Эллен считала смешной мою одержимость людьми, уже двести лет неподвластными аудитору, о которых я говорил так, словно лично был с ними знаком. Она даже взяла за обыкновение с насмешкой поминать «сплетников» за зваными обедами, словно они были членами местного теннисного клуба. Но постепенно она, видимо, привыкла к моей навязчивой идее, и та перестала ее забавлять.
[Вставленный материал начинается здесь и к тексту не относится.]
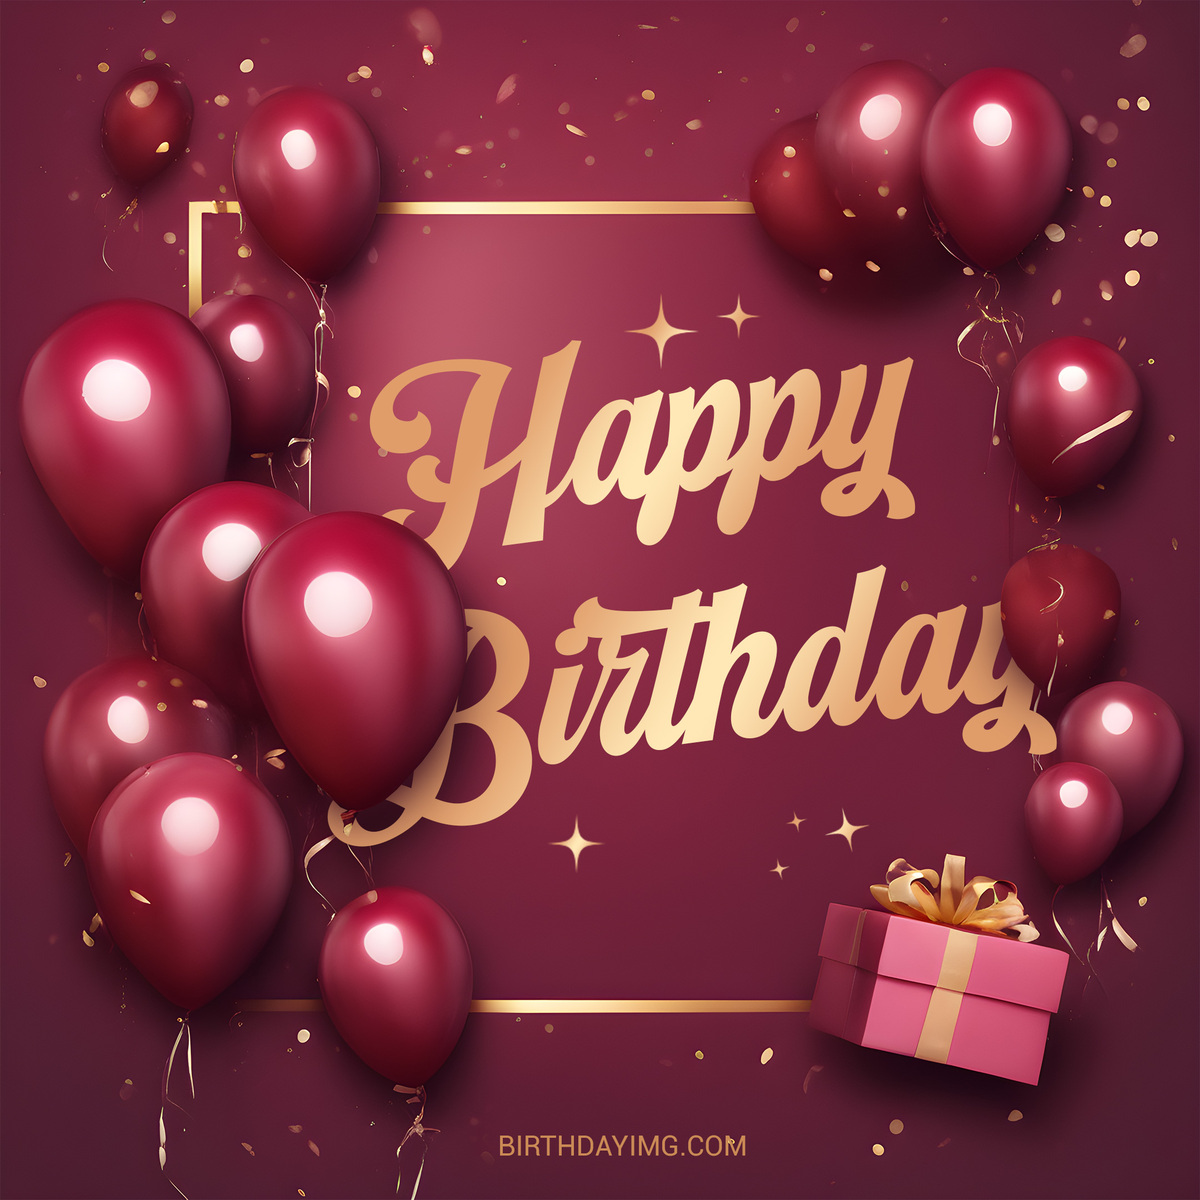 Free Happy Birthday with Balloons and Confetti - birthdayimg.com

Мы с Дональдом взяли еще по чашке кофе. Кажется, я уже писал, что встреча с ним заставила меня понять, как секунды узнавания уступают привычкам памяти, так что мы живем в состоянии слепоты и даже можем не заметить, что наш старый знакомый сбрил бороду или что женщина радикально изменила прическу (мне несколько раз выговаривали за этот серьезный проступок, уступающий в семейном своде законов только супружеской измене). Эта слепота острее всего проявляется в нашем отношении к самим себе, и только Дональд довел до моего сознания, что я болен — поддавшись болезни под влиянием праздности и безразличия. Но я также понял, чем меня привлекала Луиза. С ней была невозможна скука привычки, каждая минута отличалась новизной. Во время наших кратких свиданий я получал лишь мимолетное вкусовое ощущение, некое физиологическое впечатление, которое через несколько секунд переставало удивлять; однако у меня, кроме этих секунд, ничего не было. Я напоминал себе дегустаторов вин, которые пробуют один сорт вина за другим, но никогда его не проглатывают, продлевая тем самым вкусовое ощущение на неопределенное время. Луиза навсегда останется для меня непостижимой — поэтому я и был так сильно в нее влюблен. Одержимость лучше всего подпитывается незнанием. Так же было с моими «сплетниками»; они захватили мое воображение именно потому, что я ничего не мог о них узнать. Они существовали только в двух коротких отрывках в «Исповеди», возникая в критический момент истории постепенно надвигавшегося на Руссо безумия, которую он, сам того не сознавая, запечатлел в своей книге. Ведь именно после успеха «Юлии» в его жизни, по его словам, начали происходить странные события. Он стал получать анонимные письма, какие-то таинственные просьбы, казалось, имевшие целью его скомпрометировать. Руссо уверял, что все эти письма найдут в его бумагах после его смерти. В Париже о нем распространяли слухи; от амстердамских издателей, которым он по частям посылал рукописи «Эмиля» и «Общественного договора», начали поступать какие-то непонятные возражения. Бандероли с его рукописями кто-то будто бы перехватывал, его книги якобы начали ходить в рукописном виде. И хотя эти жалобы звучали очень подозрительно, еще более подозрительным показалось их полное прекращение, когда выяснилось, что рукописи, посланные Руссо, принимались для немедленного издания и в них никто не находил ничего политически одиозного. Руссо чувствовал, что кто-то чинит ему козни, но не знал, кто за этим стоит.